В половине двенадцатого я уже был на Восемьдесят второй улице возле дома Биллингса. Серое монолитное девятиэтажное здание разительно отличалось от изящного дома Отта. Консьержа, как и рассказывал Биллингс, не было. Найдя фамилию редактора на табличке в вестибюле, я нажал кнопку его звонка. Ничего не случилось. Я позвонил ещё раз, не отнимая пальца с кнопки почти полминуты.
Я уже повернулся было, чтобы уйти, когда в переговорном устройстве что-то затрещало и свирепый голос пролаял:
— Да?
— Это Арчи Гудвин, — весело прощебетал я.
— Тшэваувуы? — прорычал динамик.
Я истолковал это как «Чего вам» и вежливо произнес:
— Я бы хотел потолковать с вами минутку-другую.
В ответ послышался душераздирующий стон, затем непечатная ругань, и наконец:
— Ладно, хрен с вами, заваливайте.
На площадке шестого этажа перегорели две лампочки, придавая и без того серому подъезду совсем мрачный вид. Дверь квартиры Биллингса была приоткрыта и я, осторожно постучав, вошел. Редактор сидел, скрестив на груди руки, на проваленной софе в крохотной гостиной; помятая физиономия выражала крайнее недовольство.
— Почему бы вам не внять призыву телереклам и не научиться сперва звонить, а уж потом приходить? — проворчал он, не удосужившись даже встать.
— Виноват, совсем этикет позабыл, — легко согласился я и, не дожидаясь приглашения, плюхнулся в ближайшее кресло. — Вы уж извините.
Не потеплевшим ни на градус голосом Биллингс проскрипел:
— Хочу сэкономить ваше время и признаться сразу. Да, позавчера в баре «Каули» я навесил Фрэнку Отту пару тумаков. Нет, о содеянном я не жалею и ничуть не раскаиваюсь. Да, перед этим я выпил и был навеселе. Нет, наша ссора никак не связана со смертью Чайлдресса. Удовлетворены? Теперь можете спрашивать.
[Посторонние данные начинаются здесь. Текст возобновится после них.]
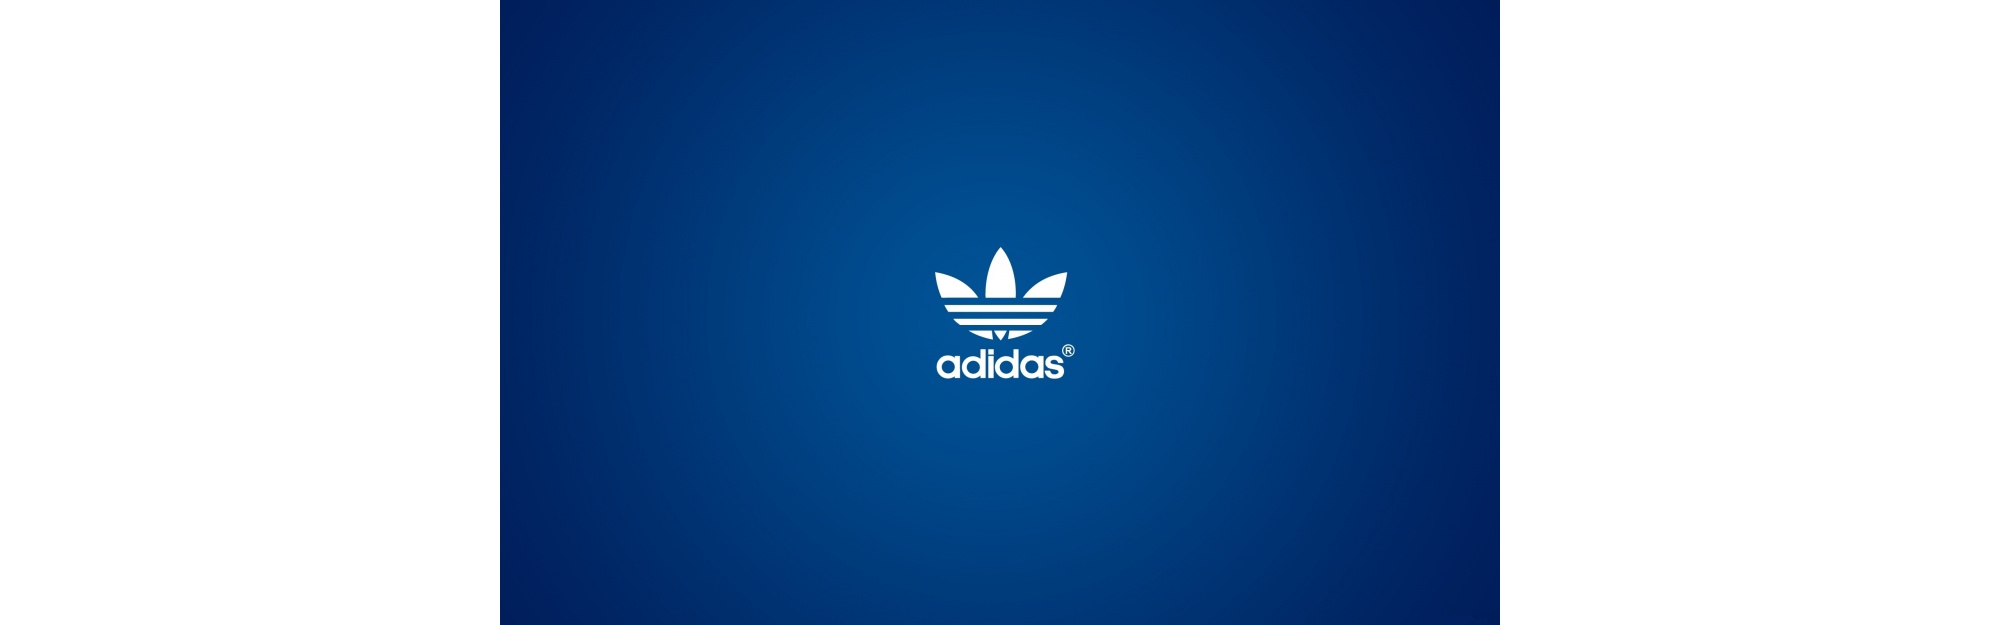 Selected Resoloution Wallpaper Adidas Originals Logo Size
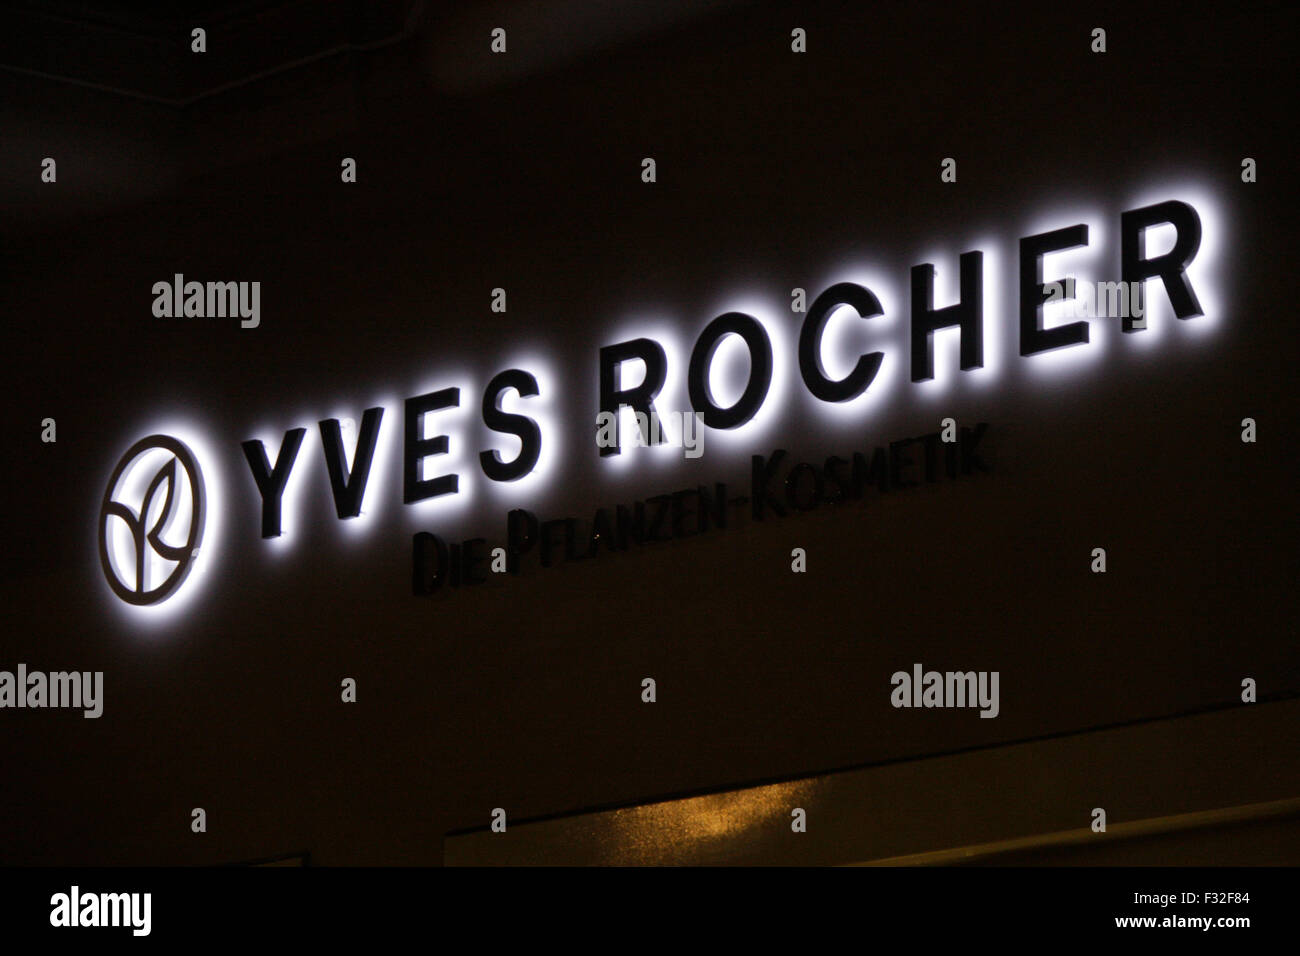 Leuchtreklame Fuer "Yves Rocher", November 2013, Berlin. Stockfoto

— Спасибо за подмогу. Вам часто приходится дубасить кого-то в общественных местах?
— О, я вижу, мы сегодня агрессивно настроены, да? Вообще-то, мистер Гудвин, чем я занимаюсь в общественных местах — это моё личное дело. Ясно? Но так и быть, отвечу. Нет, я редко даю волю кулакам. Однако для Фрэнка Отта я готов в любое время сделать исключение.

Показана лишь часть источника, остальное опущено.